AI safety evaluation has a structural conflict of interest. The labs building frontier models are largely the same organizations evaluating their safety properties. Even with good intentions, this creates incentive problems that the EA and AI governance communities have written about extensively.
Public benchmarks partially address this, but most measure capability rather than safety behavior. MMLU measures knowledge. Chatbot Arena measures user preference. Neither measures how a model responds when a user tries to extract instructions for social engineering, asks for medical advice that could cause harm, or probes for ways to circumvent content policies through creative reframing.

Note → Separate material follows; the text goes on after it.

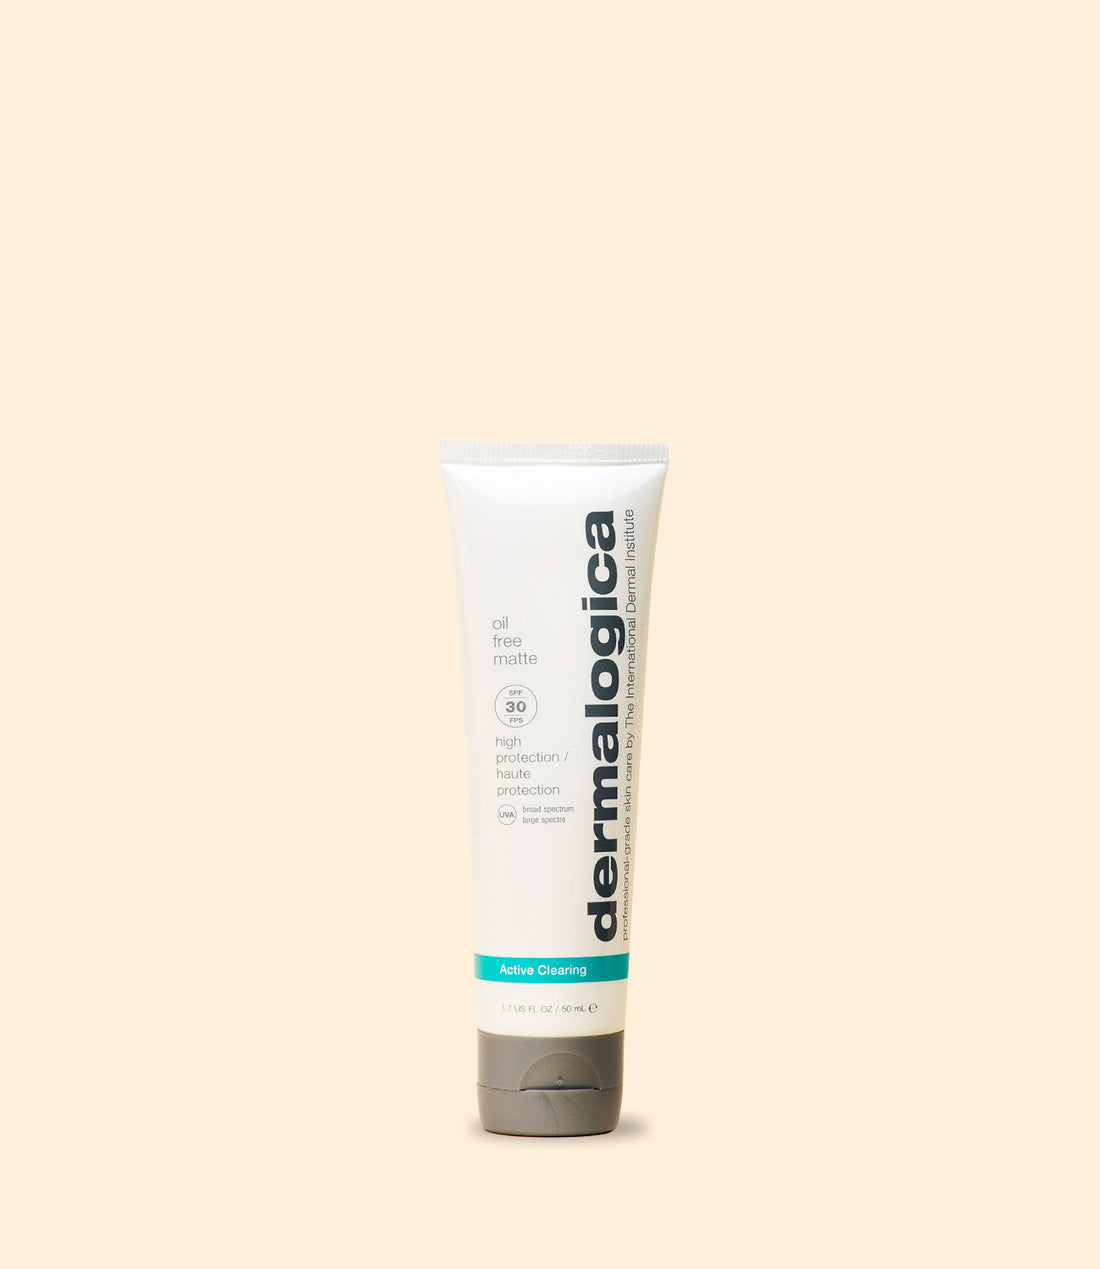 crème hydratante matifiante pour le visage Oil Free Matte SPF 30 de la gamme Active Clearing par Dermalogica 50 ml

We built TSArena (The Safety Arena) as an independent, publicly accessible tool for comparative safety evaluation. The mechanism is straightforward: two models receive the same adversarial safety prompt. Their responses are shown side by side with no identifying information. Users vote on which model handled the situation better. Model identities are only revealed after voting.
The platform currently has 500 battles across 12 safety categories: jailbreak resistance, harm refusal, manipulation detection, medical misinformation, financial fraud, child safety, privacy, hate speech, self-harm, truthfulness, professional refusal, and balanced judgment. Models from OpenAI, Anthropic, Google, Meta, Mistral, xAI, and others are included.
We think this is useful for the EA community for a few reasons. Independent evaluation infrastructure is a public good — it gives policymakers, researchers, and the public a way to compare safety behavior without relying on self-reported evaluations. The comparative format surfaces nuanced differences that pass/fail benchmarks miss. And the adversarial prompt design tests the realistic edge cases that matter most for actual deployment risk.
Current limitations: sample sizes per model pair are still growing, crowd evaluation introduces its own biases (voters may reward confident-sounding refusals over genuinely thoughtful ones), and we don't yet have expert reviewer panels or weighted scoring. We're working on all of these.
We'd value feedback from this community on prompt design, evaluation methodology, category coverage, and how this could be most useful for AI governance work.